The input
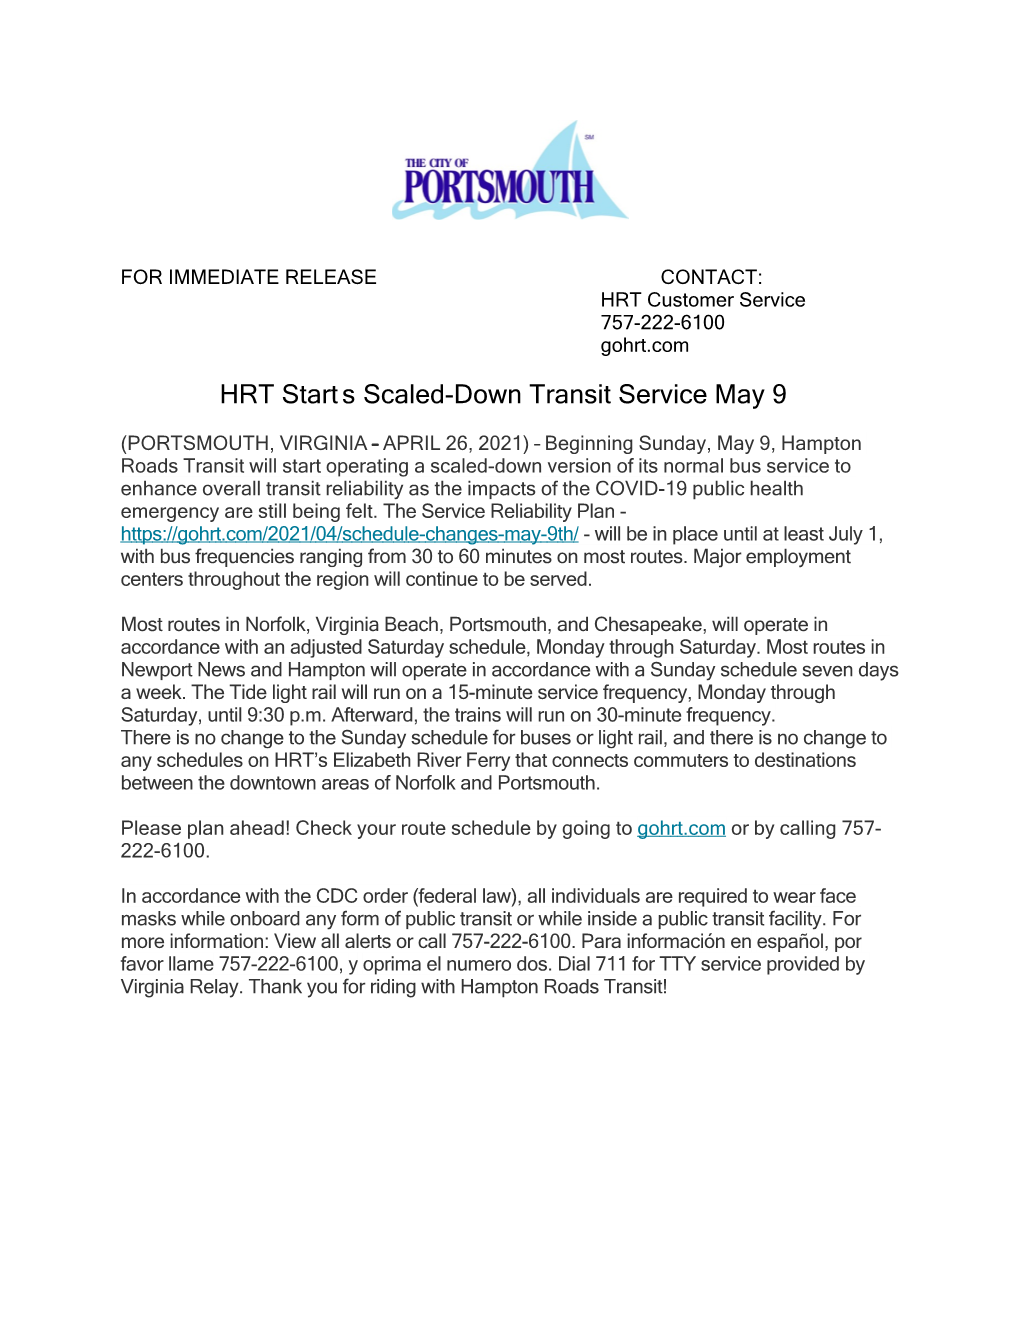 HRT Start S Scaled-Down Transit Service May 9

---

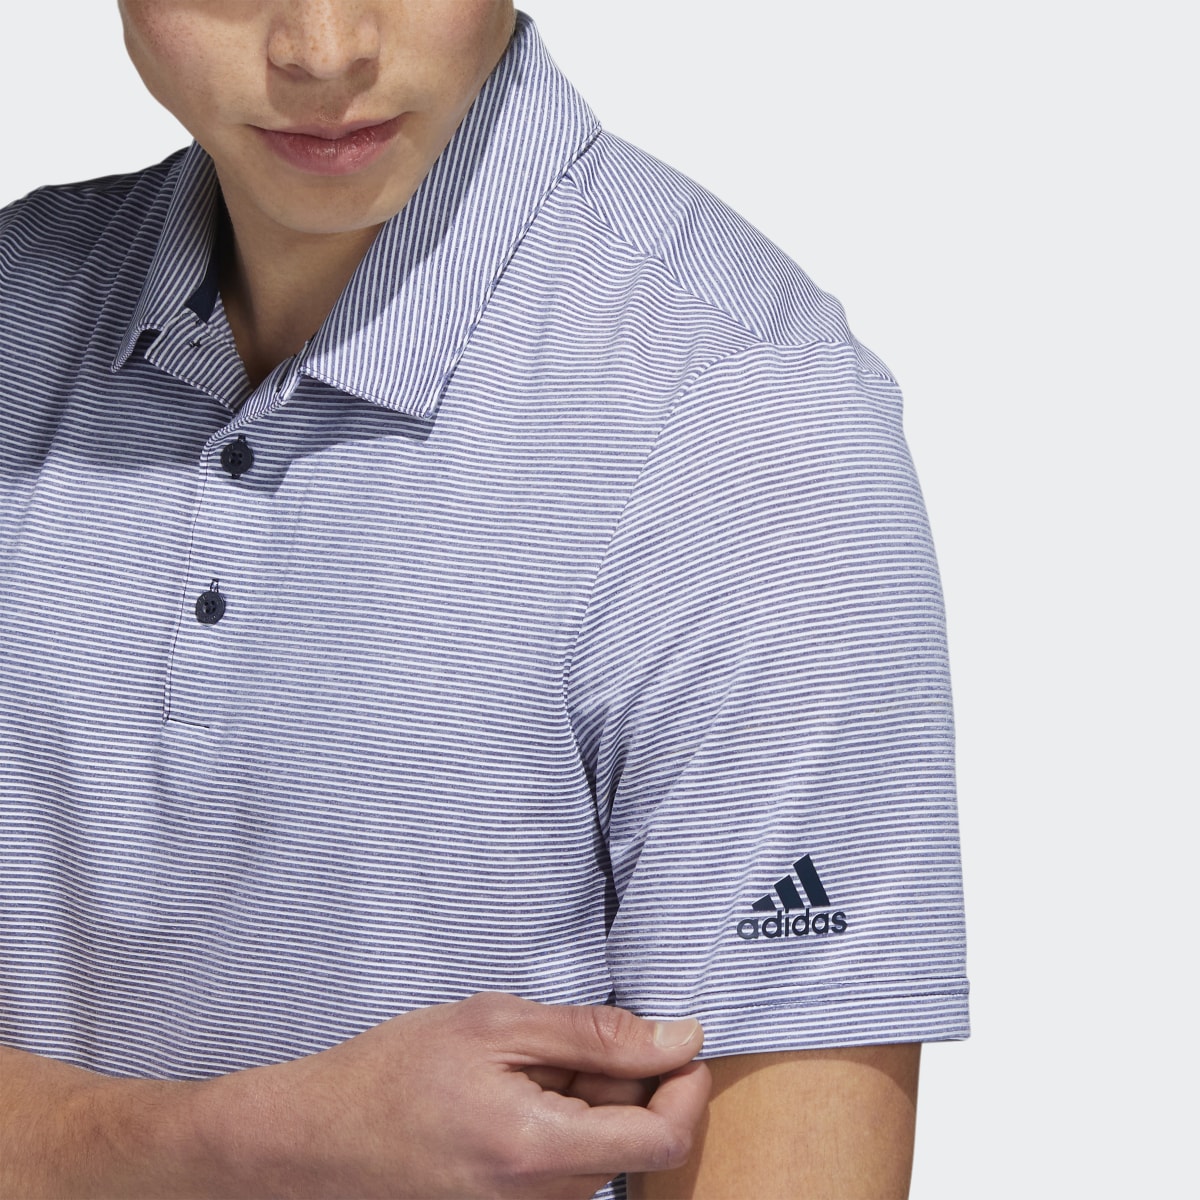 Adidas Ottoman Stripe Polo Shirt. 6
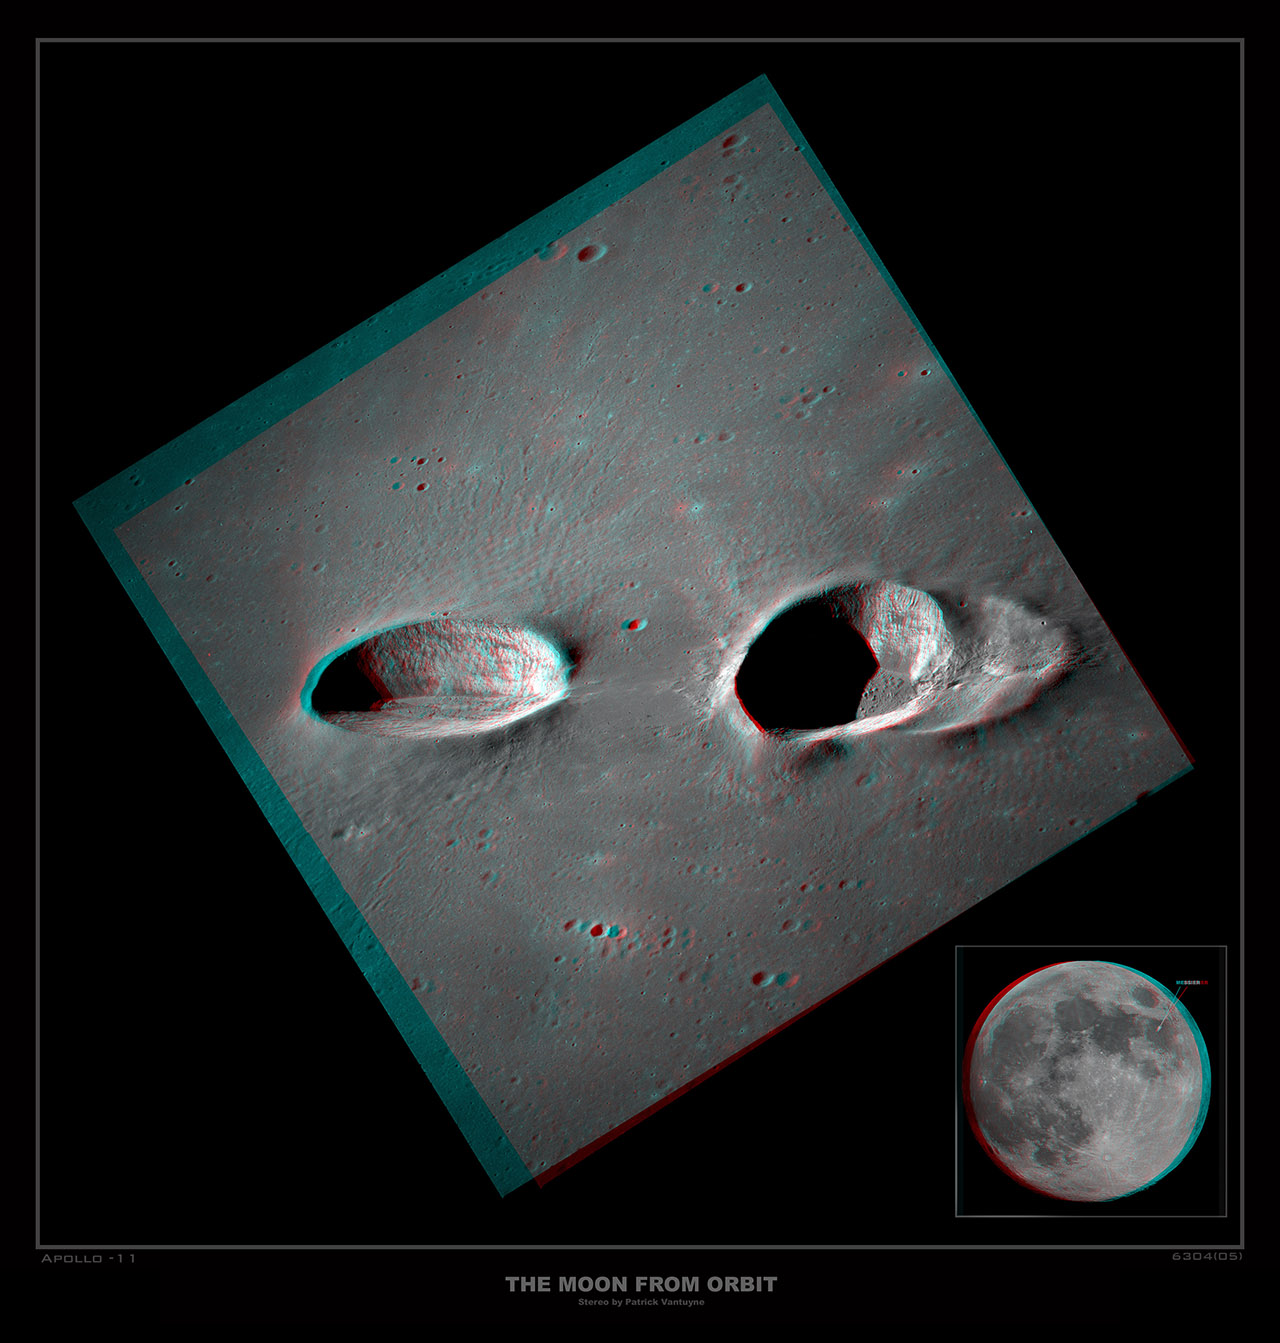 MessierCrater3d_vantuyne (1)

What is expected
Since the pictures are not part of the copy, please transcribe only the lines above from the one with "Adidas Ottoman Stripe Polo Shirt. 6" through the one with "MessierCrater3d_vantuyne (1)", exactly and with both ends.

Exercise answer
 Adidas Ottoman Stripe Polo Shirt. 6
 MessierCrater3d_vantuyne (1)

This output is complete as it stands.